Mechanistic Interpretability — AI glossary

Mechanistic interpretability is the research approach of reverse-engineering neural networks into human-understandable algorithms by identifying specific circuits, features, or attention heads that implement particular behaviors. Unlike behavioral interpretability (which only tests inputs and outputs), mechanistic interpretability aims to trace how a model actually computes, e.g., which neurons activate for "Harry Potter" or how a model tracks subject-verb agreement. For operators, this matters because local models are often smaller and more amenable to circuit analysis, and understanding these internals can help debug unexpected outputs or verify safety properties without relying on black-box testing.

Deeper dive

Mechanistic interpretability draws on techniques like activation patching, probing, and sparse autoencoders to locate and isolate computational subgraphs. A classic example is the IOI (Indirect Object Identification) circuit in GPT-2 Small, where specific attention heads copy information from previous tokens to predict the correct indirect object. Operators running local models can use tools like TransformerLens or Neuronpedia to inspect their own models. The field is still nascent—most studies focus on small models (under 7B parameters) because larger models have too many parameters to exhaustively map. For local AI, this means that interpretability findings from open-source models (e.g., Llama 3 8B) can be directly applied to the same model running on your hardware, unlike proprietary models where weights are hidden.

Practical example

Consider running Llama 3.1 8B via Ollama on an RTX 4090. Using TransformerLens, you could load the model and apply activation patching to find which attention heads handle the task "The capital of France is" → "Paris." By corrupting the activation of a specific head and measuring the drop in prediction probability, you identify a circuit responsible for factual recall.
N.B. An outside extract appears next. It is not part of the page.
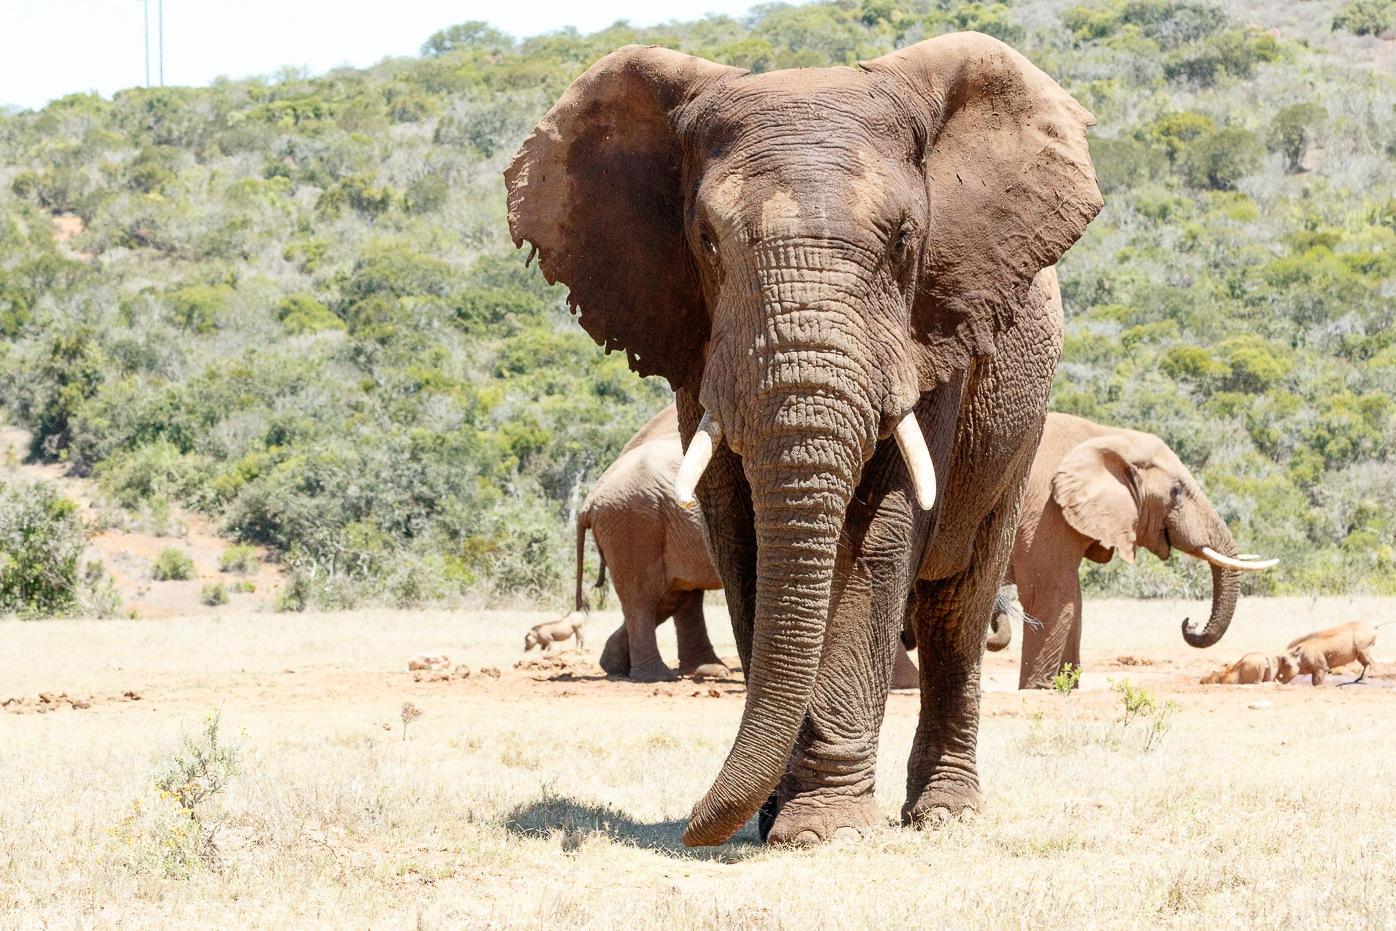 African Elephant standing tall  by Mark de Scande

This is practical because it tells you that a particular 12-head subnetwork encodes that fact, and if the model mispredicts, you can check whether that circuit is broken.

Workflow example

In practice, an operator might clone the TransformerLens repository, load a local model (e.g., model = HookedTransformer.from_pretrained("meta-llama/Llama-3.1-8B")), and run a circuit discovery notebook. They would define a prompt, run a forward pass to cache activations, then run a corrupted prompt and patch activations from the clean run to measure logit differences. The output is a heatmap of attention heads ranked by importance. This workflow is done entirely offline, using only the model weights already downloaded via Hugging Face.